Jesse Denardo escribió:

$ 9.2_dev/bin/pg_controldata data
Latest checkpoint's NextMultiXactId: 2982
Latest checkpoint's NextMultiOffset: 6479
So what's happening here is that the MultiXact 2982 lives in a SLRU page
that doesn't exist. pg_upgrade didn't copy the pg_multixact files from
the old cluster, because they are not compatible; instead it just sets
the values in pg_control. As soon as a new multixact is to be created,
things fail because the code is not prepared to deal with the
possibility that the underlying SLRU files have not been extended during
normal operation.

I see two ways to deal with this:

1. On each multixact creation, verify whether the pages we're trying to
modify do in fact exist. If they don't, create them.

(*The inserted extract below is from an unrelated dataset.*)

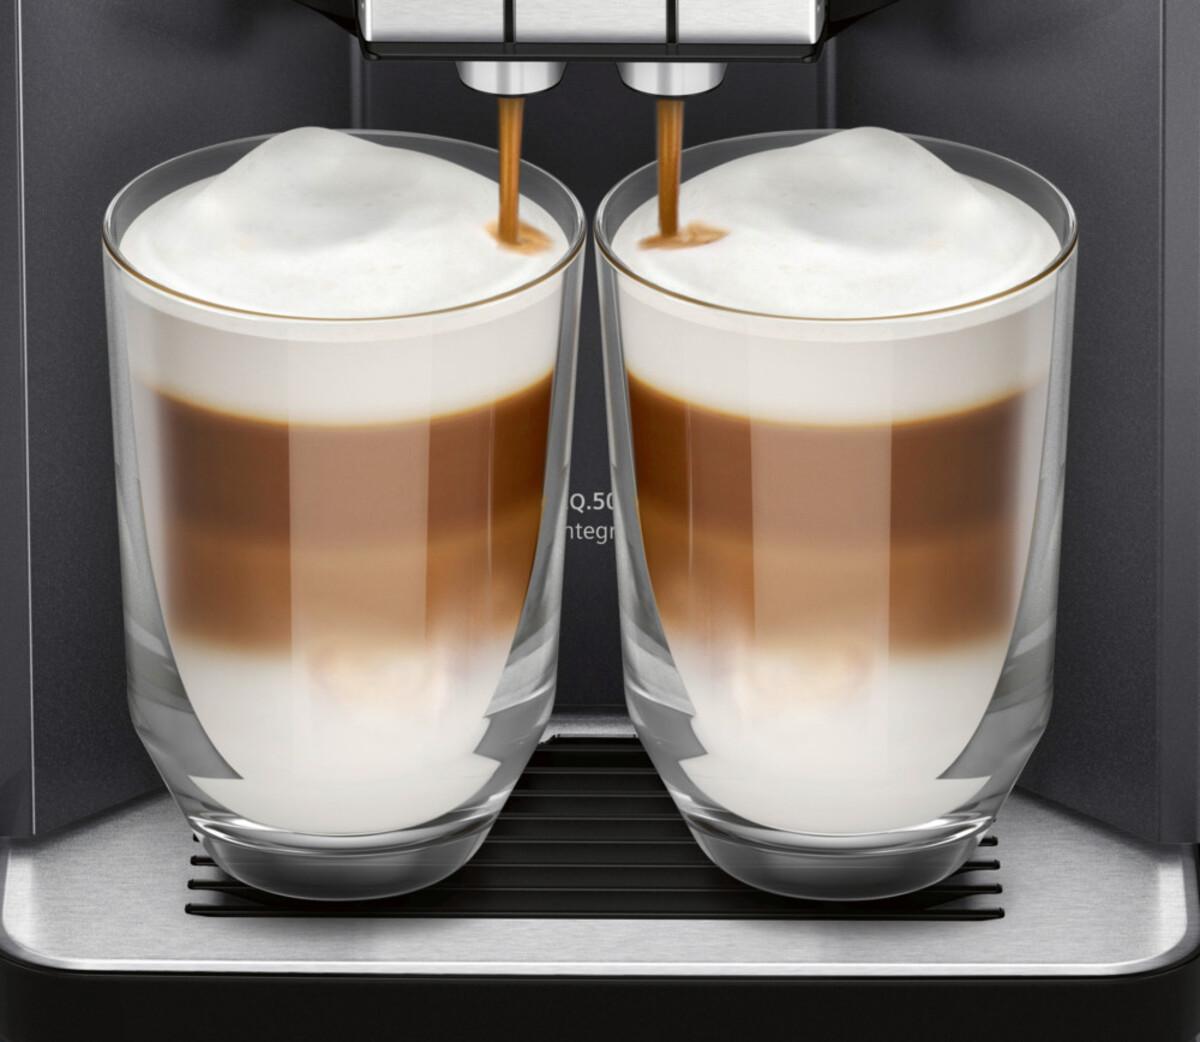 Bild 2 von SIEMENS Kaffeevollautomat EQ.500 integral TQ505D09 saphirschwarz metallic (EQ.5)

2. At startup, verify the "next" multixact values, and extend the files
if necessary.

I think (1) is not a very good idea because it will cause too large an
impact at runtime, when it is not really necessary. I lean more towards
(2). On IM, Bruce suggested instead:

2a. Same as (2), but only do it in pg_upgrade's usage of postgres'
binary-upgrade mode (postgres -b). Thus this will be done once during
the upgrade process and not every time the system starts up.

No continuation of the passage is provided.